Coalescent representation of a neutrally evolving sequence. (A) Explicitly tracing the history of a sample of alleles from the population, each progenitor allele is derived from a randomly chosen parental allele. Occasionally, two progenitor alleles are derived from the same parent, causing the lineages of these two alleles to unite or coalesce when they are followed backward in time from the present. Note that if progeny are derived from parents at random, the probability that two lineages coalesce increases as the number of distinct lineages increases and as the effective population size decreases. Thus, for a constant-sized population, a characteristic distribution of waiting times between coalescent events is expected. (B) The untangled, coalescent representation of (A) is created by treating lineages as branches, ignoring the intermediate ancestors between coalescent events. Under neutrality, mutational events (represented by shaded diamonds) are uniformly distributed throughout time, hence the number of mutations that occur on a branch is proportional to the length of the branch. Note that mutations occurring on external branches are rare, appearing on only a single allele, whereas mutations occurring on internal branches are common.

Evolutionary forces perturb patterns of genetic variation

Natural selection and population demographic history perturb patterns of genetic variation relative to what is expected under a standard neutral model (constant sized, randomly mating, panmictic population at mutation drift equilibrium). Below, the way in which selection and demographic history affect patterns of genetic variation will be considered, from a coalescent point of view.

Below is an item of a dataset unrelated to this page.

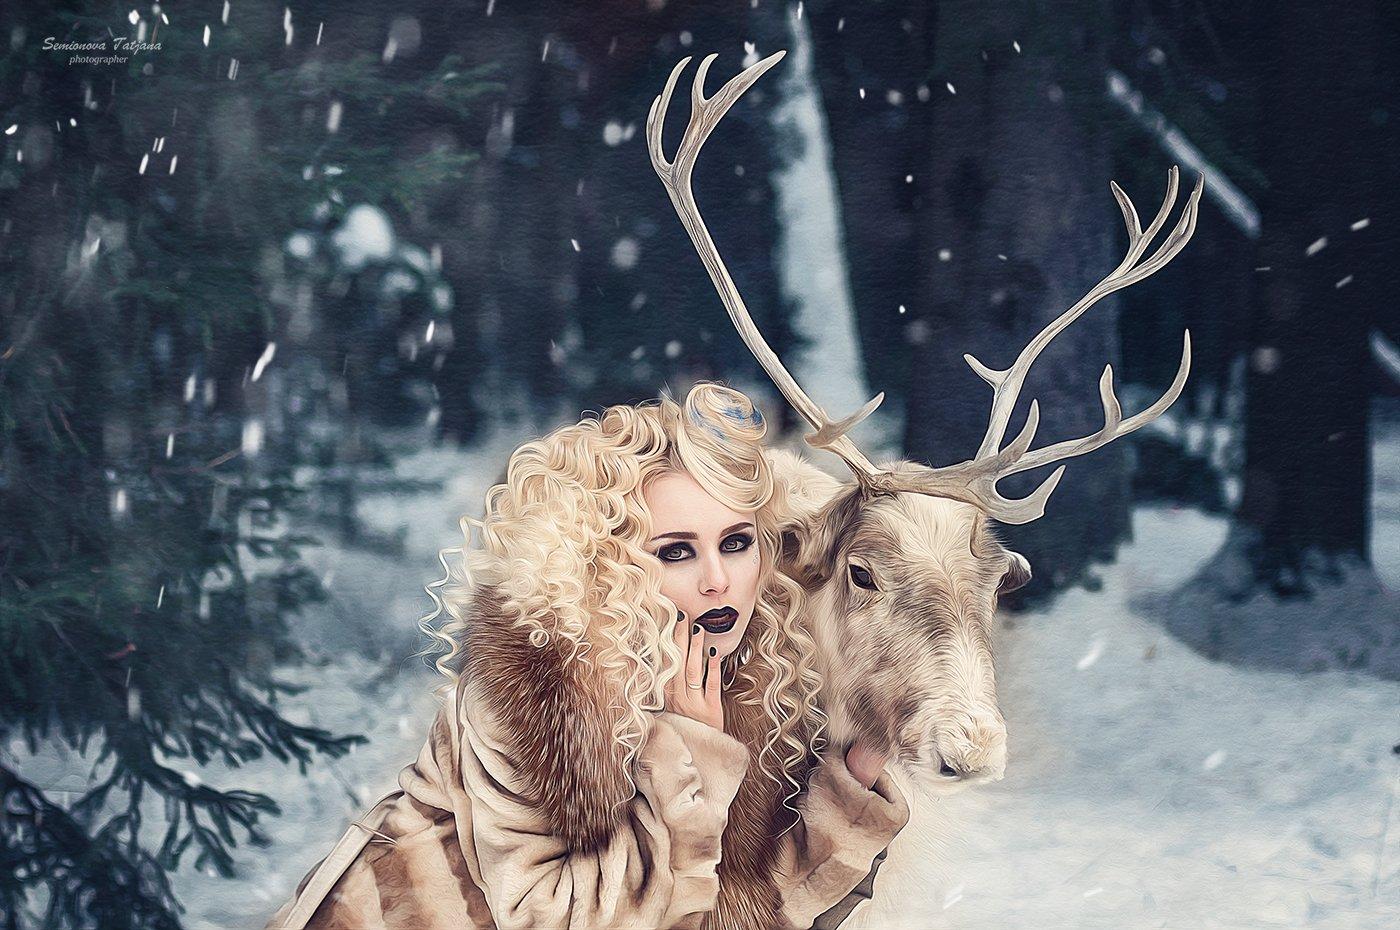 Олень, красота, зима, снег, Семенова Татьяна

Theoretical studies have investigated the evolutionary dynamics of genetic variation subject to a variety of selective pressures, including, purifying [2022] positive [2326] and balancing selection [2730]. This paper will focus on positive and balancing selection, as these have been the primary types of selection that current genome-wide scans have studied. Positive selection acts to increase the frequency of advantageous alleles in a population. Strongly advantageous mutations are rapidly swept to fixation, hence the term 'selective sweep'. Importantly, through a process referred to as 'genetic hitchhiking', positive selection also affects patterns of neutral polymorphisms linked to an advantageous mutation [23]. Positive selection leads to a shallow star-like genealogy (Figure 2) with a decreased time to the most recent common ancestor. Tracing the history of alleles backwards in time, these effects are a direct consequence of the rapid coalescence of lineages in the small but expanding progenitor population [31]. The signature of positive selection includes reduced levels of genetic variation compared with neutral expectations, [2426] a skew in the allele frequency spectrum towards low-frequency alleles [32] (including an excess of high-frequency derived alleles [33]) and elevated levels of linkage disequilibrium [34].

Figure 2

Effects of deviations from neutrality on gene genealogies. (A) Neutral evolution. (B) Population growth. (C) Population bottleneck. Here, only one ancestral lineage passes through the bottleneck, leading to a short tree with relatively long external branches. (D) Population subdivision. An initial population (represented by solid lines) separates into two subpopulations, which are denoted by dashed and solid lines. (E) Positive selection. An advantageous allele (represented by the dashed lines) sweeps through the population to fixation. Note that the genealogy of a selective sweep is similar to that produced by a population growth or bottleneck. (F) Balancing selection. An allele that is advantageous only in the heterozygous state (dashed line) appears in the population and is maintained at an intermediate frequency. Note that the genealogy under balancing selection is similar to population subdivision. Ne, effective population size.

Balancing selection occurs when polymorphisms are selectively maintained in a population. By contrast with positive selection, the genealogy of a locus subject to balancing selection is characterised by an increased time to the most recent common ancestor and long internal branches (Figure 2). The effect of balancing selection on gene genealogies can be understood by considering balanced alleles as distinct subpopulations, such that coalescence events can occur rapidly within a subpopulation but slowly between subpopulations [27]. The signature of balancing selection includes elevated levels of polymorphism relative to neutral expectations and a skew of the allele frequency distribution towards an excess of intermediate frequency alleles [29, 30, 35].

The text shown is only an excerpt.